## What is Linear Regression? Part:1

Linear Regression is a field of study which emphasizes on the **statistical relationship** between two **continuous variables** known as **Predictor **and **Response **variables. (Note: when there are more than one predictor variables then it becomes multiple linear regression.)

- Predictor variable is most often denoted as x and also known as Independent variable.
- Response variable is most often denoted as y and also known as Dependent variable.

So what is the new term Statistical Relationship?

Before getting into Statistical Relationship we should know what is

deterministic relationship. (Note: Linear Regression is not about studying the deterministic or functional relationship however we should know about these relationships to better understand Linear Regression)

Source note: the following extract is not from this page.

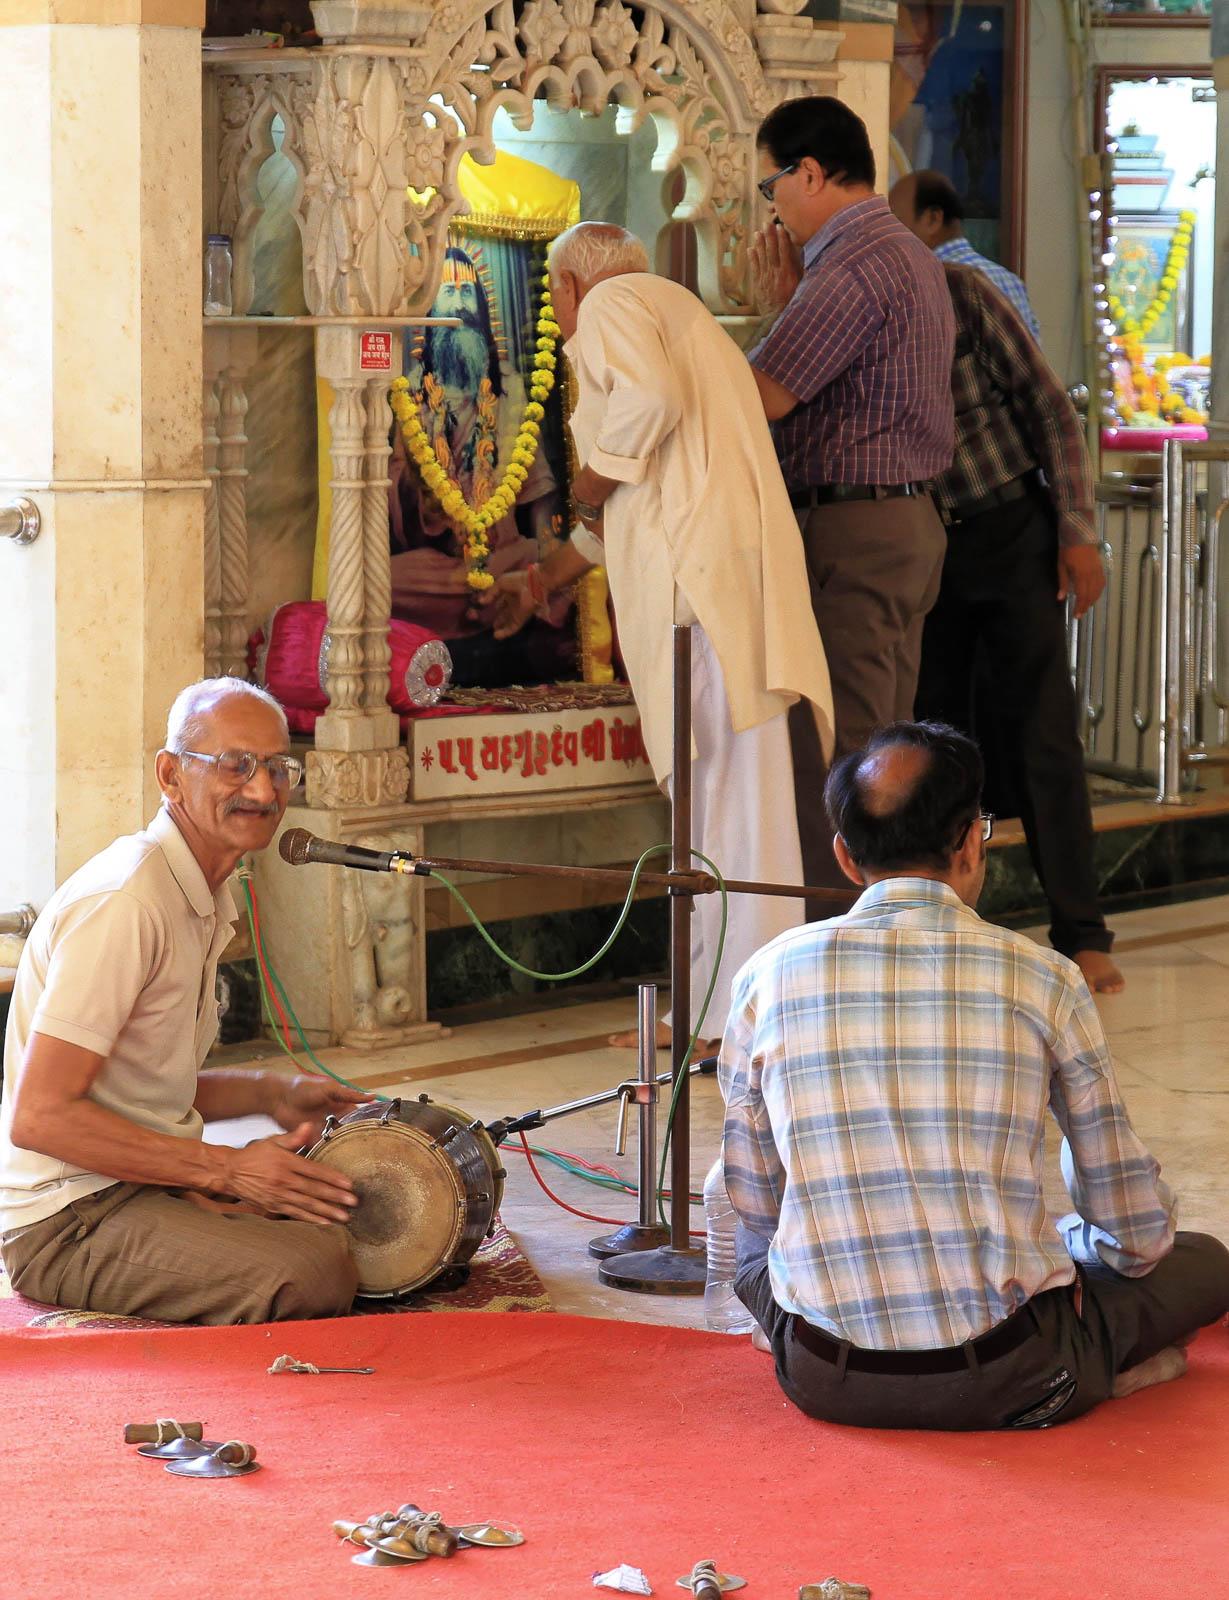 1031_Jamnagar_Bala-Hanuman-Temple-3.jpg

**Deterministic Relationship: **Relationship between two variables is called deterministic if one variable perfectly determines the other variable. for example if we know the radius of a circle then we can perfectly determine its circumference as

Circumference = 2 × π × radius

Similarly the relationship between degrees Fahrenheit and degrees Celsius is known to be:

Fahr = (9/5) × Cels + 32

So if we see the above graph it is very much clear that the observed (x,y) data points fall directly on a line without any deviation from the line which shows that they perfectly determine each other. With given Fahrenheit value it will determine exactly one Celsius value and vice-versa.

some other deterministic relationships are:

- Hooke’s Law:
*Y*= α +*βX*, where*Y*= amount of stretch in a spring, and*X*= applied weight. - Ohm’s Law:
*I*=*V*/*r*, where*V*= voltage applied,*r*= resistance, and*I*= current. - Boyle’s Law: For a constant temperature,
*P*= α/*V*, where*P*= pressure, α = constant for each gas, and*V*= volume of gas.

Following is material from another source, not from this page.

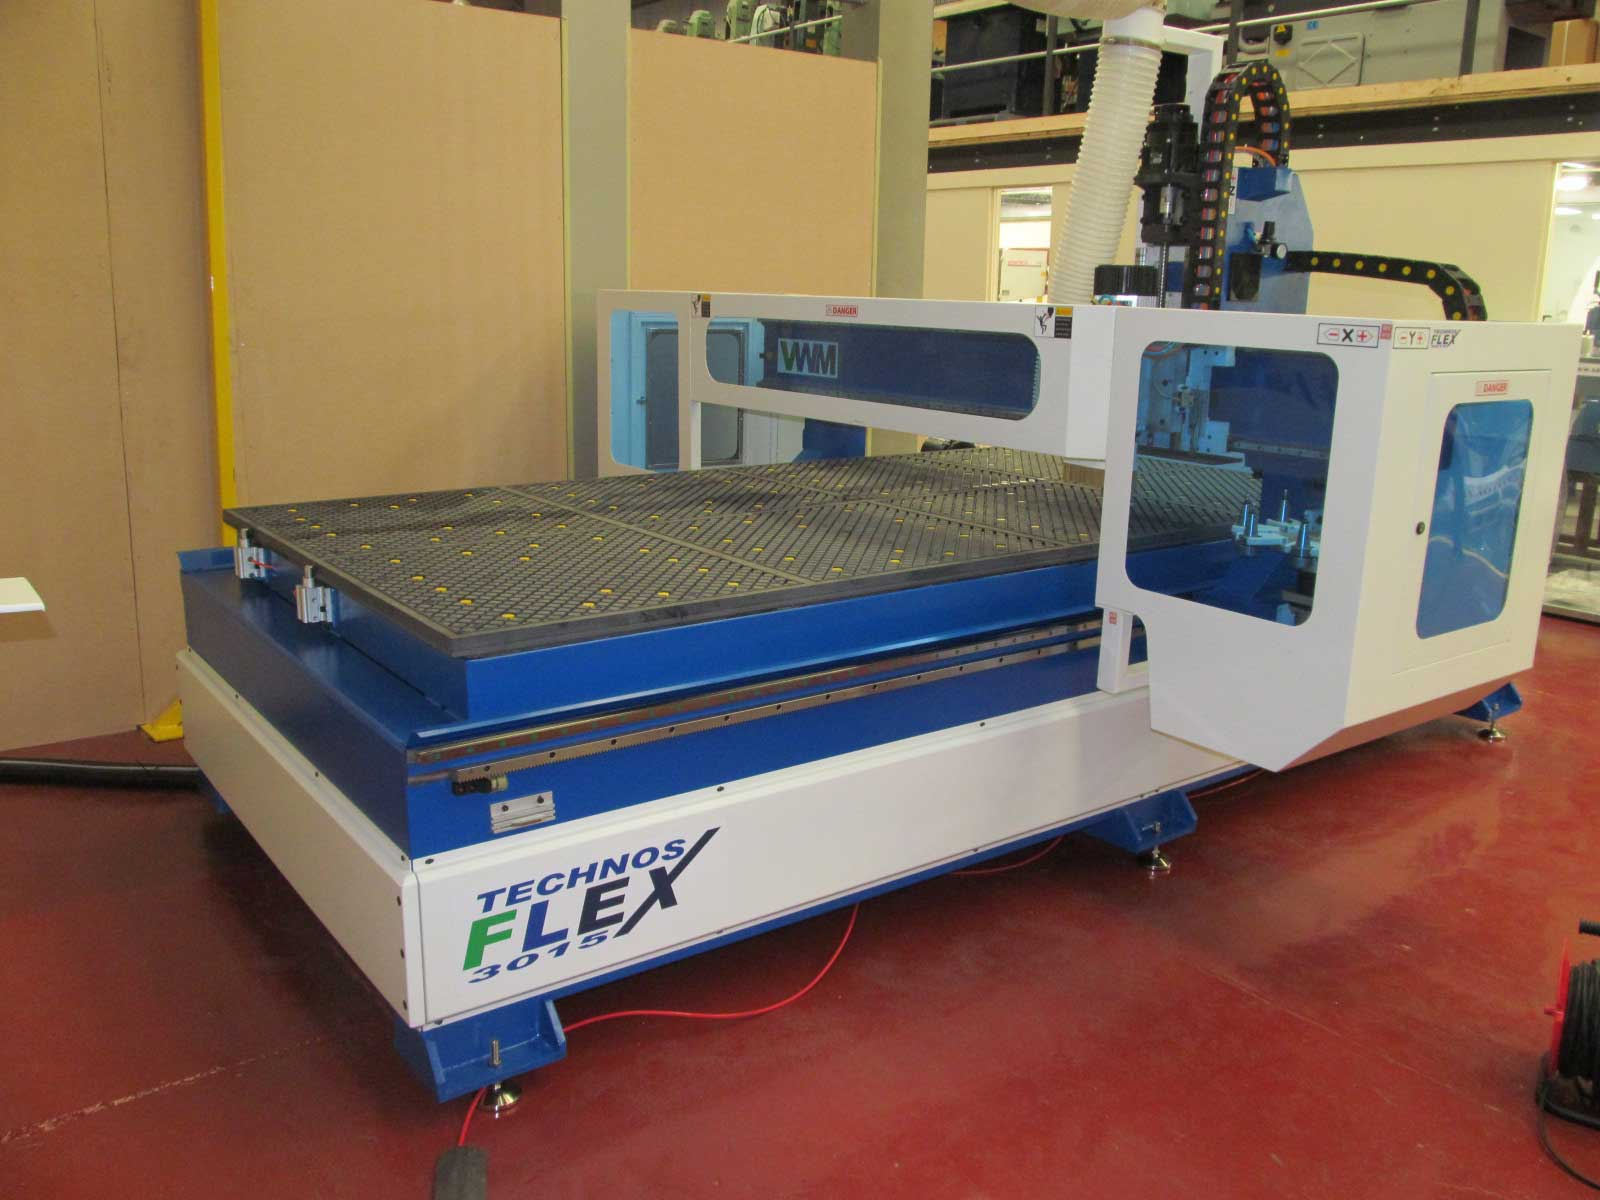 Technos 3015 Flexx HD nesting CNC Router

**Statistical Relationship:**

Here is an example of a statistical relationship.

- The response variable
*y*is the mortality due to skin cancer (number of deaths per 10 million people) - Predictor variable
*x*is the latitude (degrees North) at the center of each of 49 states in the U.S.

You might anticipate that if you lived in the higher latitudes of the northern U.S., the less exposed you’d be to the harmful rays of the sun, and therefore, the less risk you’d have of death due to skin cancer. The scatter plot supports such a hypothesis.

There appears to be a negative linear relationship between latitude and mortality due to skin cancer, but the relationship is not perfect. Indeed, the plot exhibits some “**trend**,” but it also exhibits some “**scatter**.” Therefore, it is a **statistical relationship**, not a deterministic one.

Some other examples of statistical relationships might include:

- Height and weight — as height increases, you’d expect weight to increase, but not perfectly.
- Alcohol consumed and blood alcohol content — as alcohol consumption increases, you’d expect one’s blood alcohol content to increase, but not perfectly.
- Vital lung capacity and pack-years of smoking — as amount of smoking increases (as quantified by the number of pack-years of smoking), you’d expect lung function (as quantified by vital lung capacity) to decrease, but not perfectly.
- Driving speed and gas mileage — as driving speed increases, you’d expect gas mileage to decrease, but not perfectly.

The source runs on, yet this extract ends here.